## [Dataset content]
= Beginning of Section =

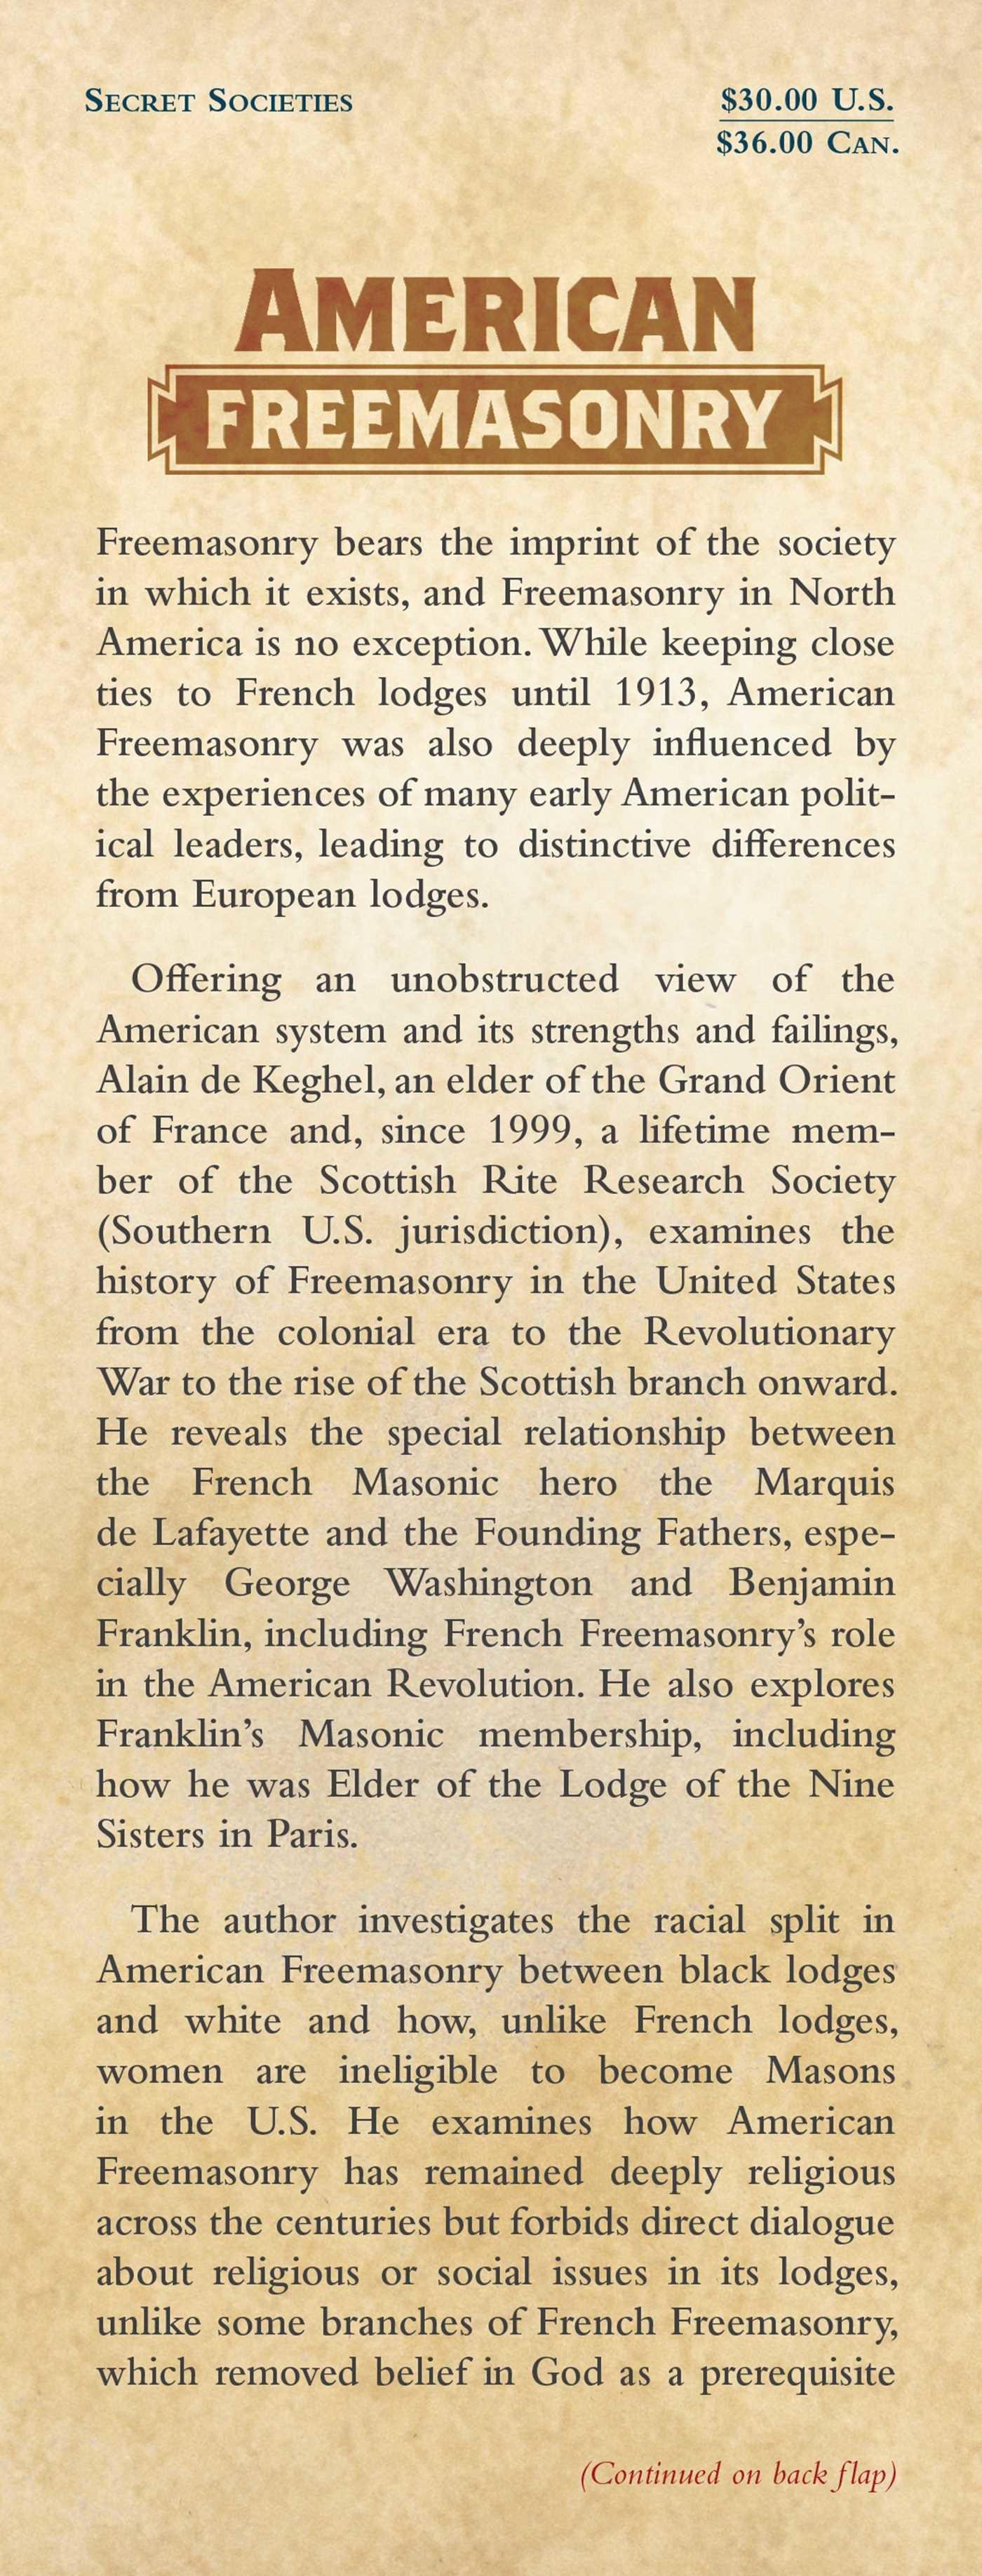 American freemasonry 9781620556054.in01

= End of Section =
= Beginning of Section =

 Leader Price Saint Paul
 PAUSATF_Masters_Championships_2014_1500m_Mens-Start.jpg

= End of Section =

## [Problem description]
Looking at the entries above, can you reproduce exactly the lines from the one that holds "Leader Price Saint Paul" through the one that holds "PAUSATF_Masters_Championships_2014_1500m_Mens-Start.jpg", and only those?

## [Answer space]
 Leader Price Saint Paul
 PAUSATF_Masters_Championships_2014_1500m_Mens-Start.jpg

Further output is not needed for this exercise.